**Dataset extract:**

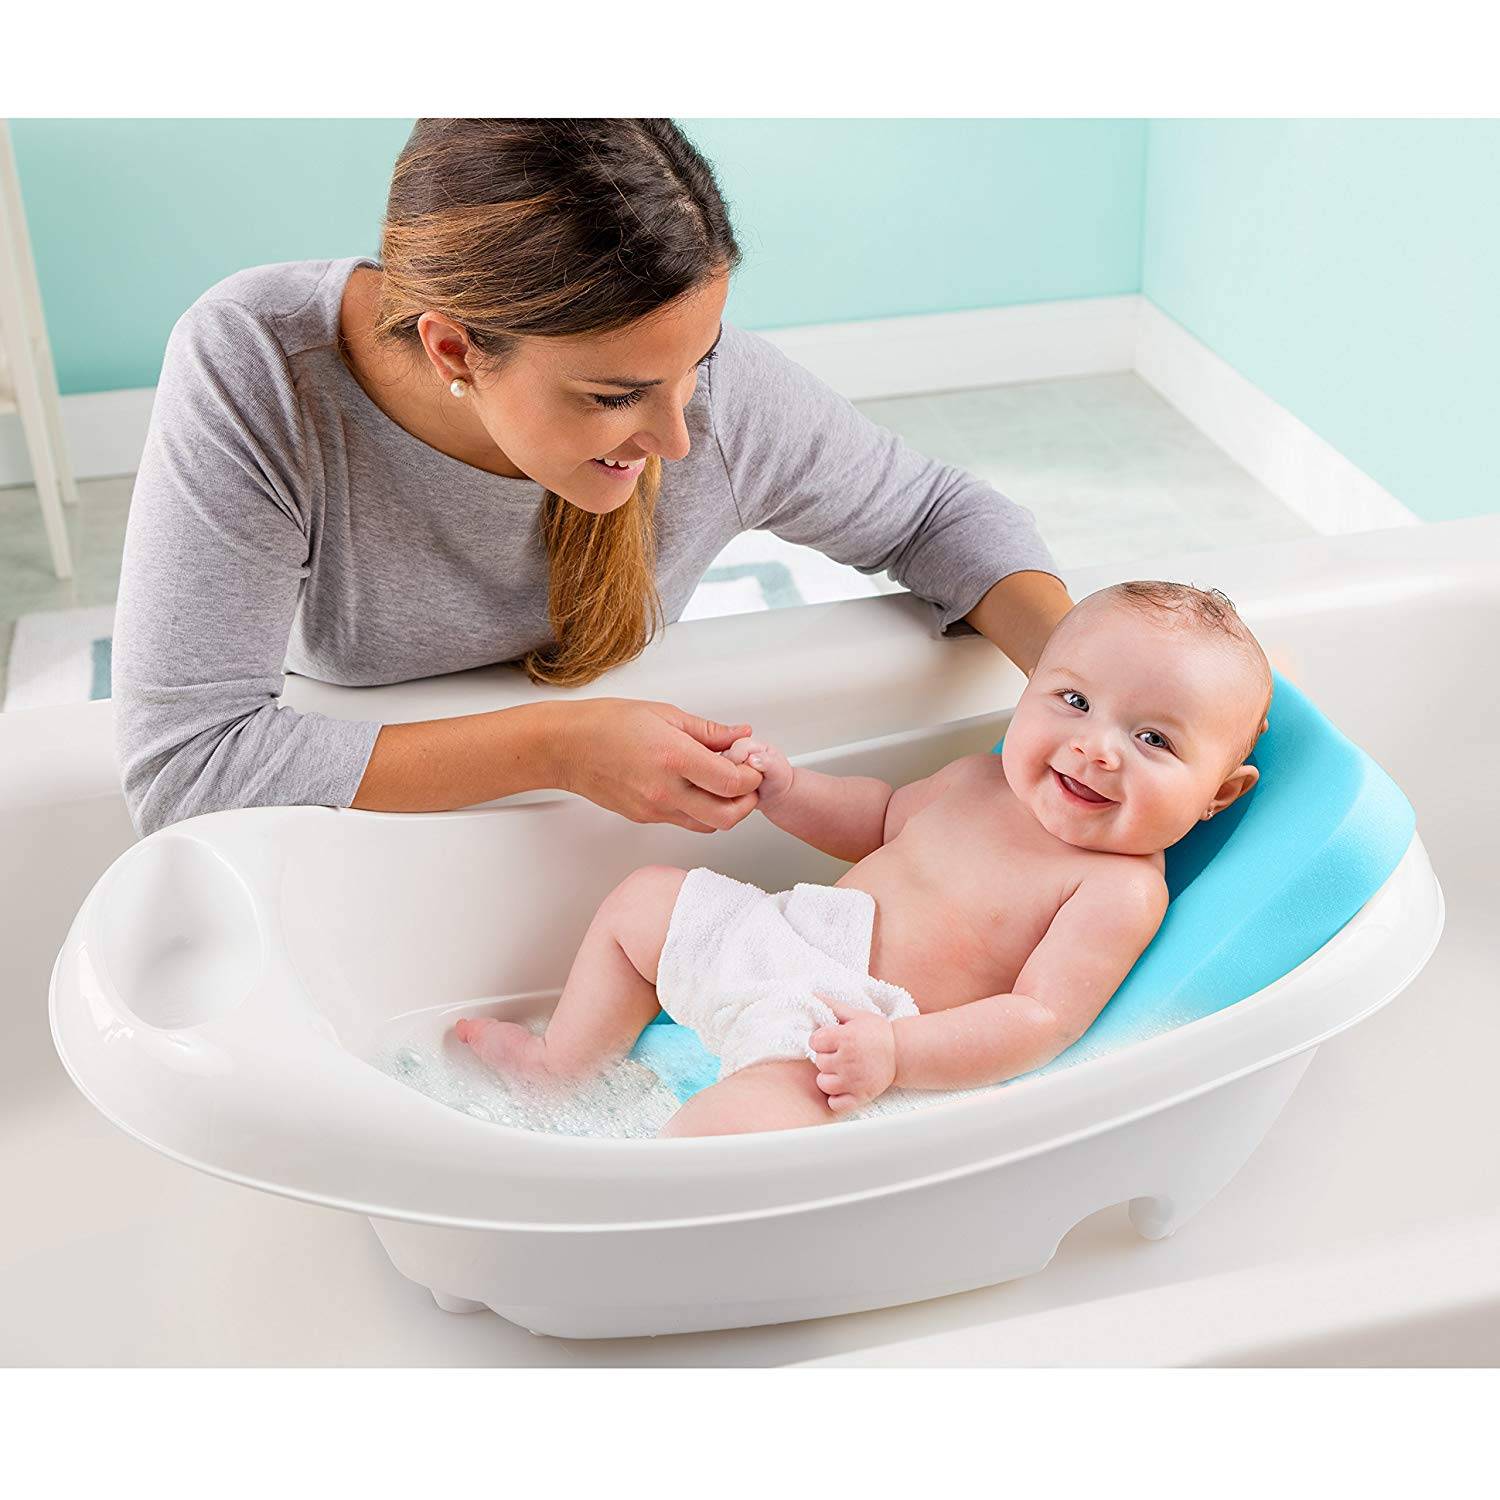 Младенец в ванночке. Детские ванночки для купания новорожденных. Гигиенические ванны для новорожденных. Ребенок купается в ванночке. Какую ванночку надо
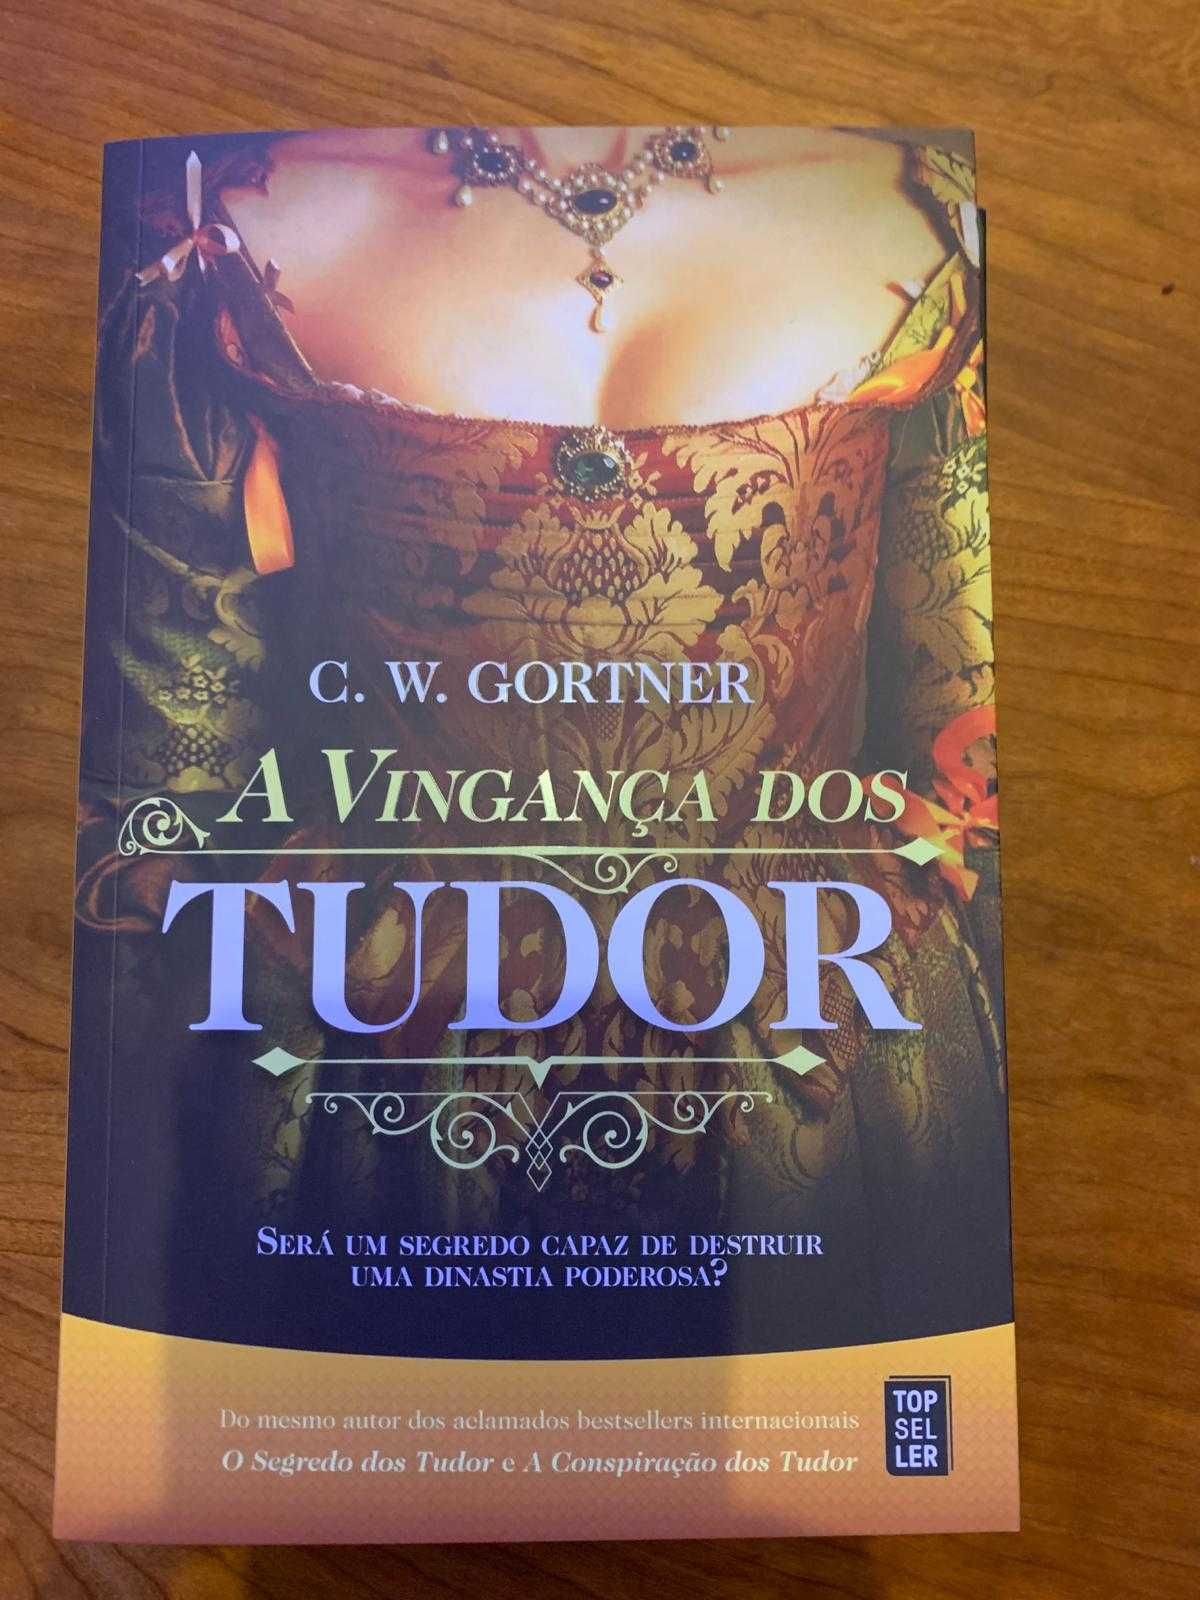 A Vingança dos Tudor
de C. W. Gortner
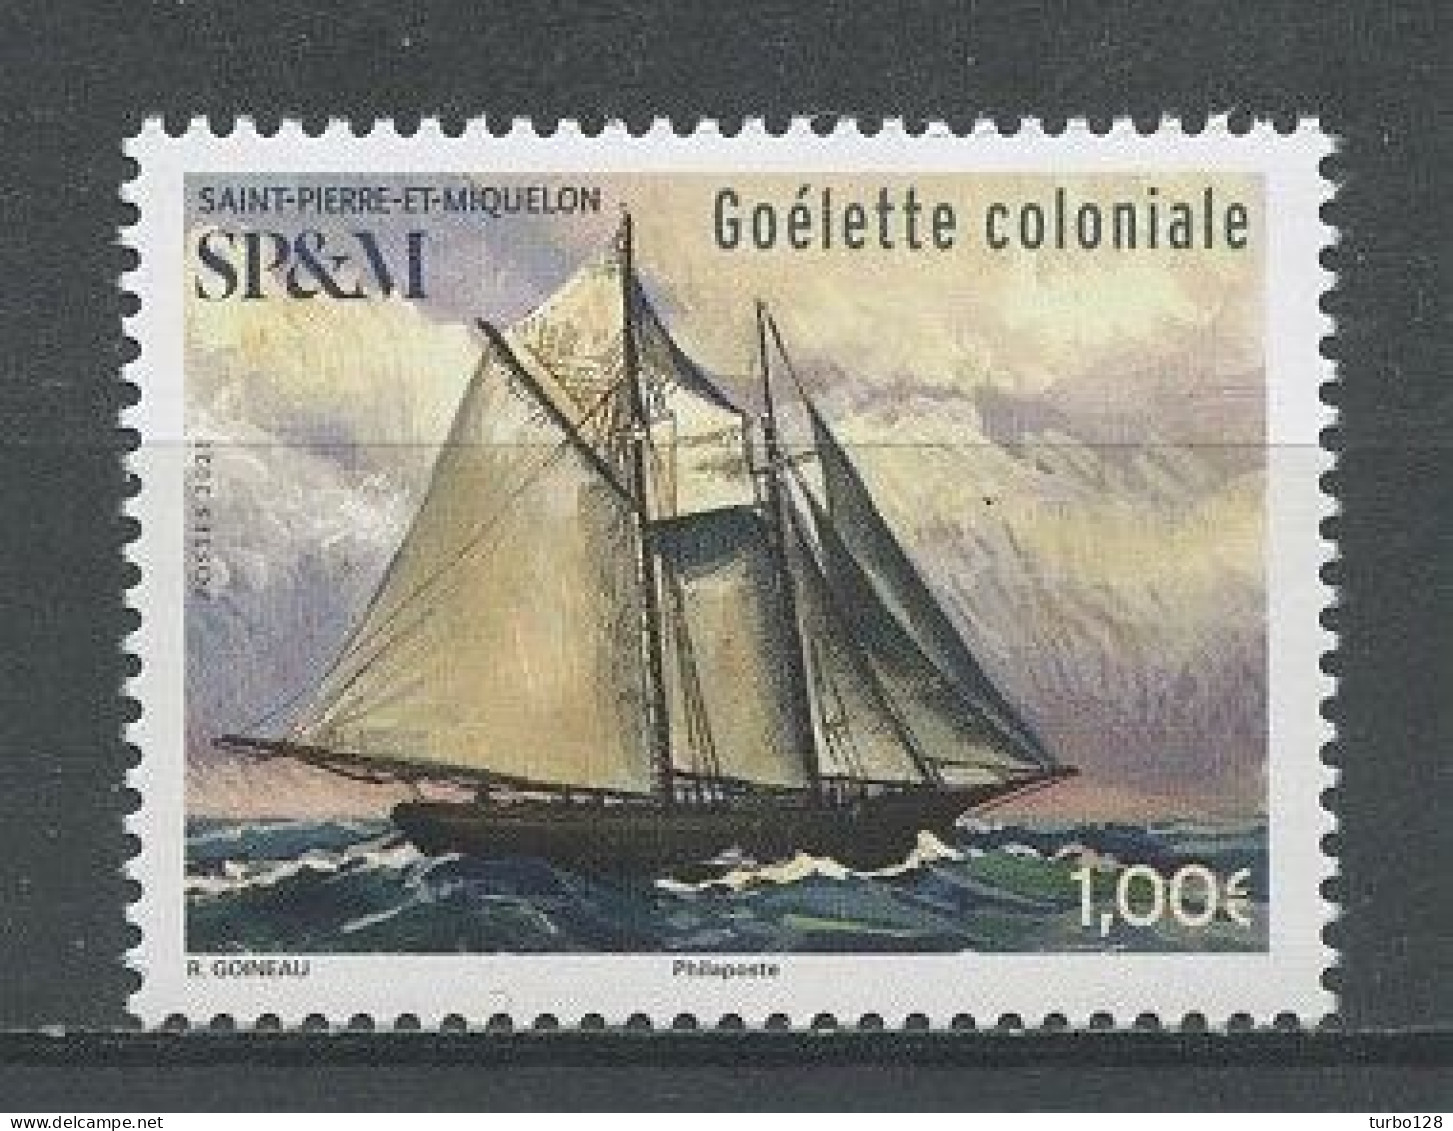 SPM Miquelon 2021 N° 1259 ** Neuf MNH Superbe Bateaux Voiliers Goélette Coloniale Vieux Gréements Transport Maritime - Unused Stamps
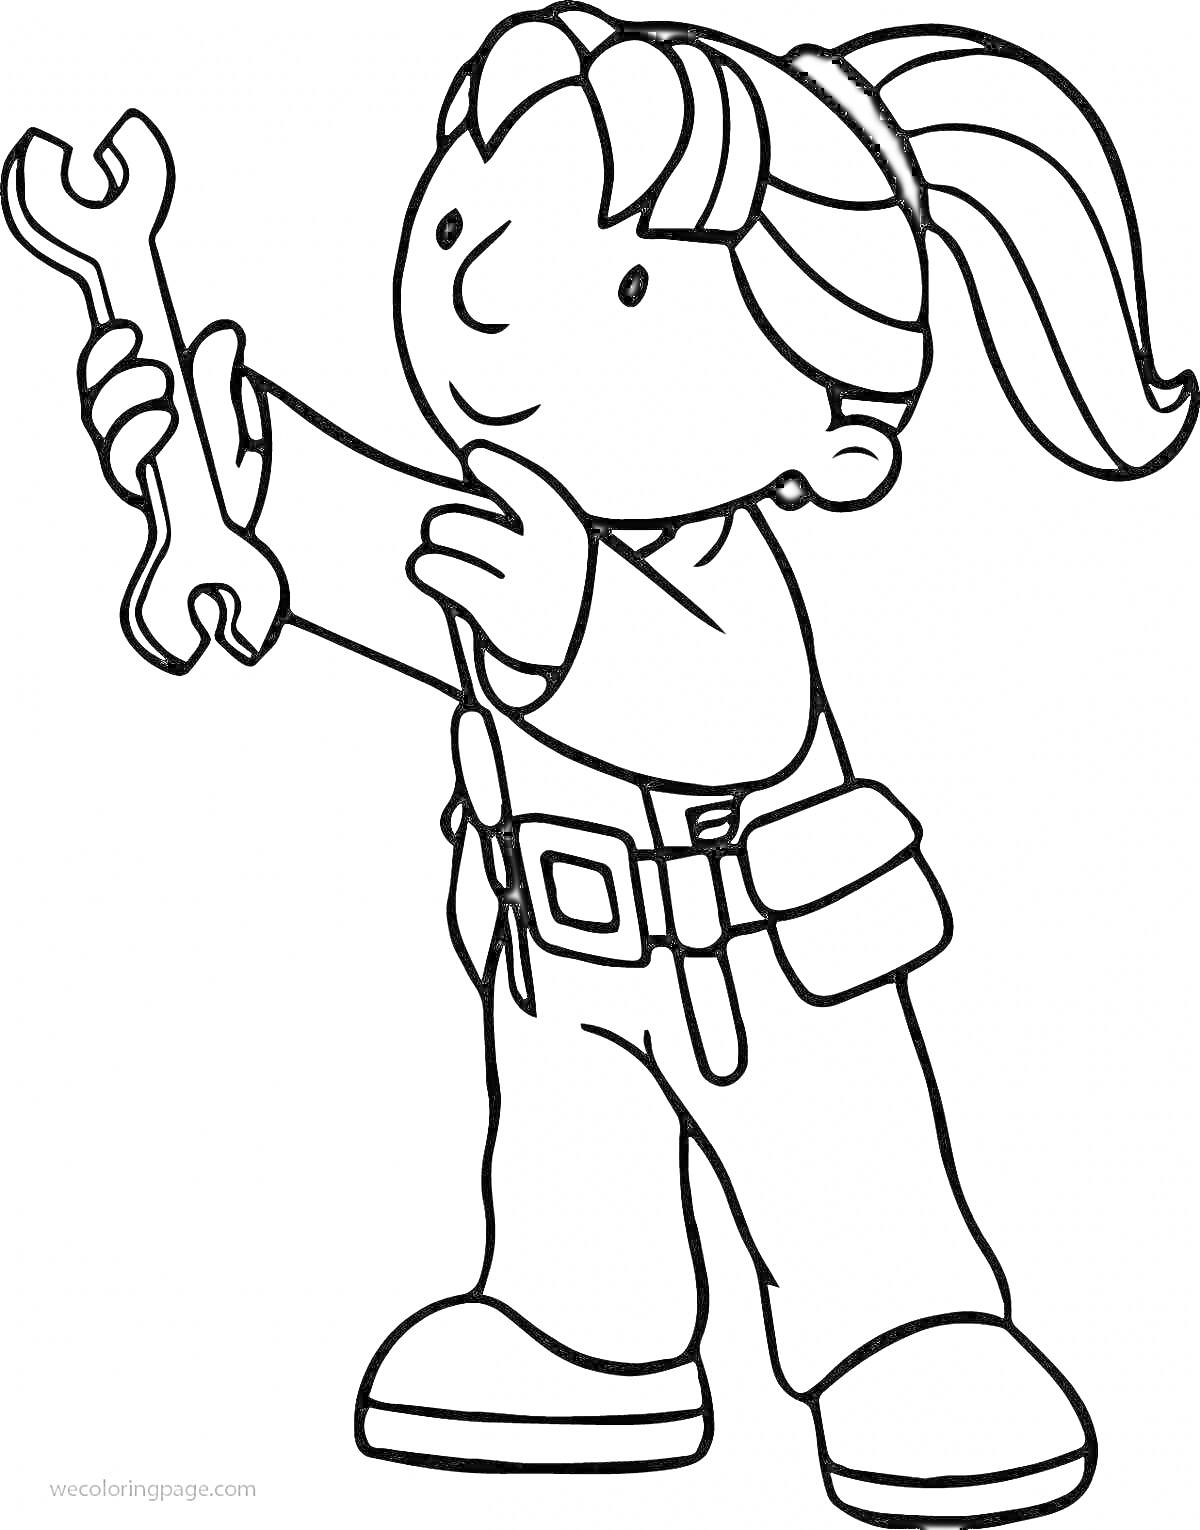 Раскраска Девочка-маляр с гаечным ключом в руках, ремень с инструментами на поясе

**What you will do:** Give again, unchanged, only the lines from the line containing "de C. W. Gortner" to the last line of the records above. Pictures do not belong in the copy.

**Written answer:**
de C. W. Gortner
 SPM Miquelon 2021 N° 1259 ** Neuf MNH Superbe Bateaux Voiliers Goélette Coloniale Vieux Gréements Transport Maritime - Unused Stamps
 Раскраска Девочка-маляр с гаечным ключом в руках, ремень с инструментами на поясе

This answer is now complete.